Она хмыкнула, но ничего не сказала, только немного сильнее сжала руку.

- Классная у тебя курточка…

- Катя, что тебе надо? Ты же сказала, что это не ждет, а сама вот уже час варишь воду. Думаешь, у меня нет других дел, кроме как прогуливать тебя по городу?

Я сказал совсем не так резко, как это может выглядеть, но она остановилась.

- Не подготовился к очередной лекции? Какого хрена ты выпендриваешься, Воронцов? Имей терпение и поверь, что я делаю это исключительно ради тебя. Ты мне еще спасибо скажешь.

Как я уже сказал, доверять ей у меня не было повода. Но бояться ее - еще меньше. Насколько я знаю, за нападение их казнят, а это весомый аргумент в пользу моей личной безопасности.

Хотя в случае с Чернышом аргумент оказался бесполезен.

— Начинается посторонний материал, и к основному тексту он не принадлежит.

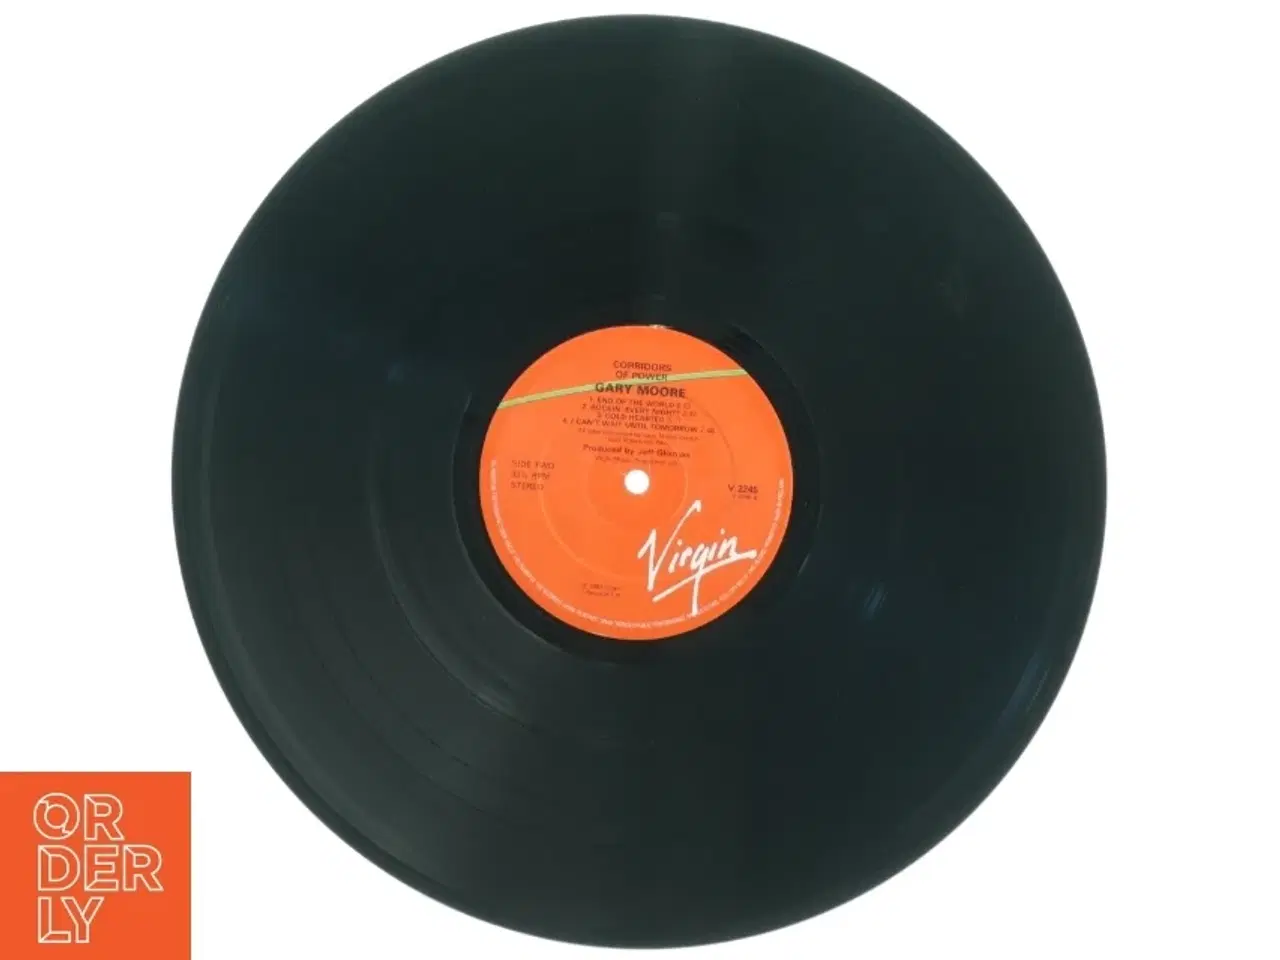 Billede 3 - Gary Moore - Corridors of Power LP fra Virgin Records (str. 31 x 31 cm)

Катя больше не пыталась быть любезной, просто шла рядом, неслышная, как тень.

- Извини, - сказал я.

- Да ты тут при чем, - огрызнулась она, - будто в тебе дело.

- А в ком?

- А вот не знаю, в ком. - В ее голосе засквозила растущая горячая злость. - Если бы я знала, Воронцов. Дело в том, кто все так расчудесно устроил. Мы, получается, кругом должны - за эти кормушки поганые, за каждую дозу, даже, блин, за шприцы. Вы - венец творения, а мы - нежить, и с нами можно не считаться.

- Оглянись. Мы тоже платим за продукты, Катя, не забыла?

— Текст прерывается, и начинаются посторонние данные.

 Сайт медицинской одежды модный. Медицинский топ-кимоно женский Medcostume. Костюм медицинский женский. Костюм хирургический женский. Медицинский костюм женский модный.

- Да, но почему мы должны платить еще и за то, что существуем? Черныш рассказывал тебе про страховку?

- Да. Вы платите каждый месяц, а иначе вас ликвидируют.

- И ты считаешь, что это справедливо?

- Вечные вопросы пролетариата… Справедливо-несправедливо. По отношению к нам - возможно.

- И почему это?

- Ну, наверное, потому, что мы не пьем вашу кровь, чтобы жить.

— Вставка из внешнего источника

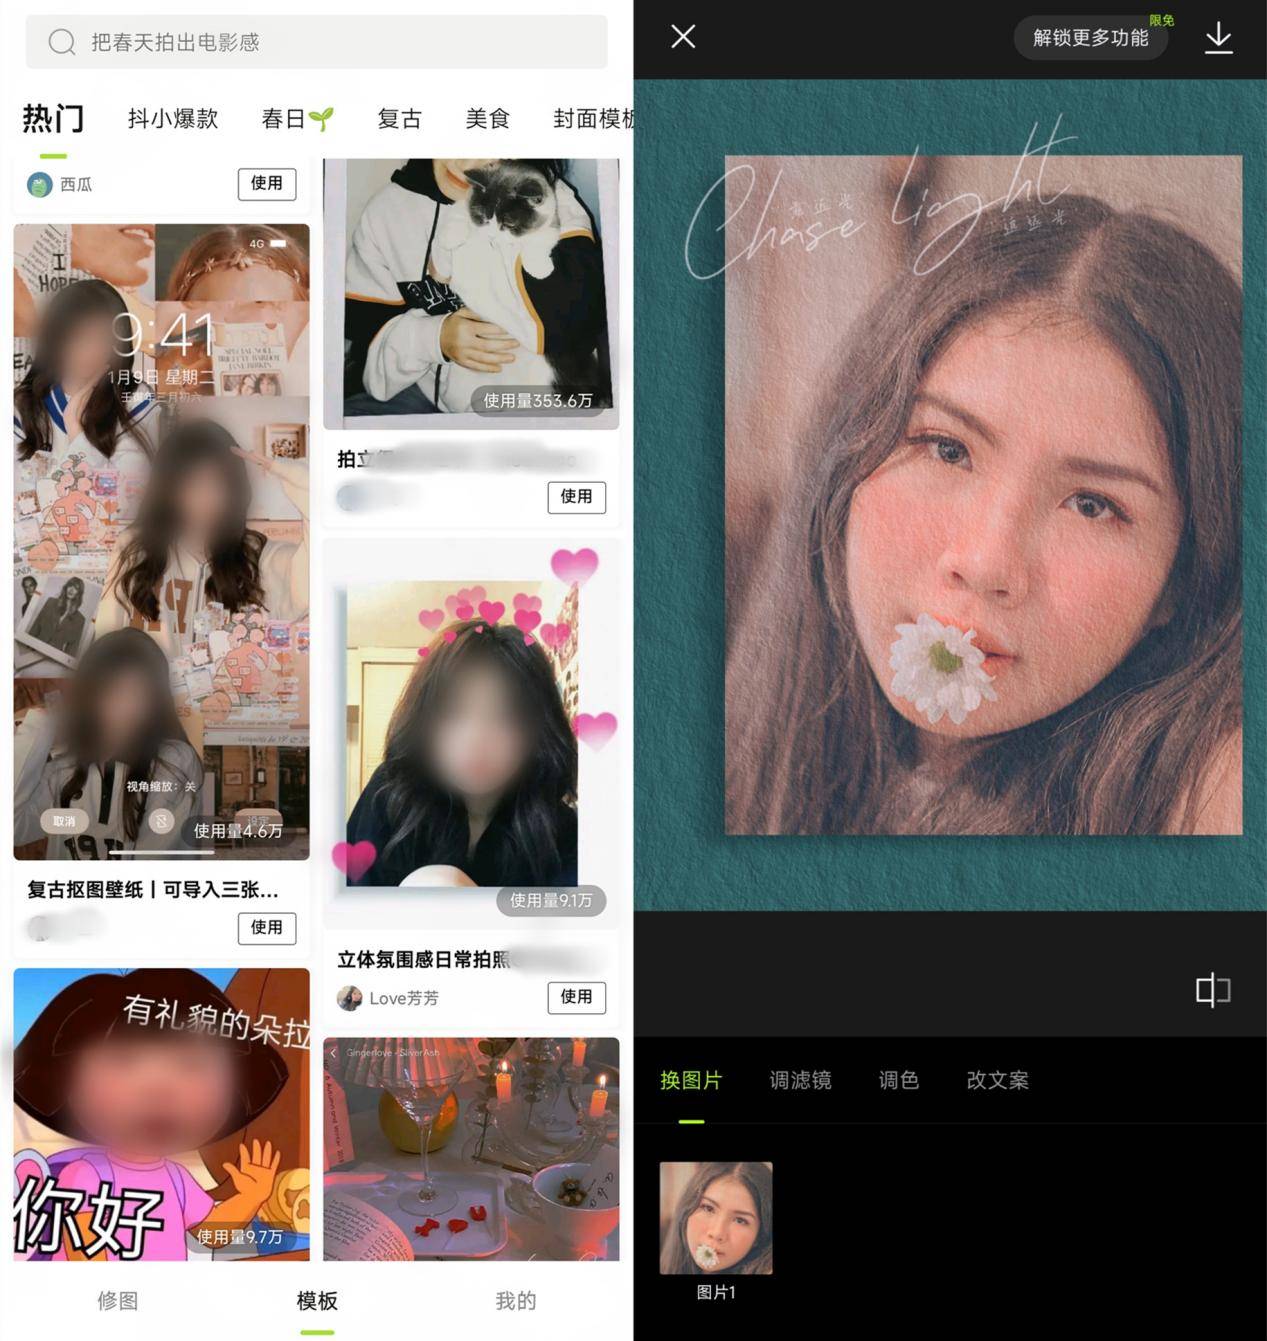 Affinity Photo Mac(好用的图片编辑软件)v1.10.4中文免激活版 - 哔哩哔哩

- Как остроумно. Ты рассуждаешь, как…

- Как человек? Я и есть человек, Катя.

- Да, ты человек, а я нет, но разве это значит, что с нами можно поступать как со скотом? Хотела бы я знать, кто придумал все эти “нельзя”. Кто решает, кому жить, а кому умереть. Хотела бы я посмотреть ему в глаза.

- И что бы ты сказала?

Катя глубоко вздохнула и скомкала пустую пачку сигарет.

- Он ни в чем не виноват. Он сам жертва, и выбора у него не было.

Он - Черныш, это было ясно. Черныш, не покидавший ее мысли ни на минуту, что бы она ни говорила. Это была правда, но… не вся правда.

- Ну да, - сказал я. - А теперь три ни в чем не повинные жертвы Черныша где-то бродят незарегистрированные, в поисках очередных ни в чем не повинных жертв. И дальше по геометрической прогрессии. Катя, это нужно как-то контролировать.

- Черт, ну прости, что он не мог убить их, просто оставить их умирать!

Я не хотел с ней спорить, но не получалось.

- А о них самих что скажешь? Удача будет, если они не так лояльны, как Черныш, и будут хотя бы уничтожать свои следы.

Катя пораженно смотрела на меня блестящими глазами разъяренного зверя, которому в морду сунули горящий факел.

- Какой же ты жестокий, Воронцов. Я думала, ты ему друг.

- Катя, я ему друг, и что с того? Черныш был хорошим человеком, но плохим вампиром, признай это. Тут ничего не поделаешь.

О том, почему Черныш-пацифист вообще ударился в охоту, я не спросил. Подозревал, что ответ есть.

- Не обижайся на меня, - сказал я наконец. - Может, система и говно, но это система; пусть далеко от совершенства, но как-то она работает. Без контроля куда как хуже, и вашим, и нашим. Ну правда ведь?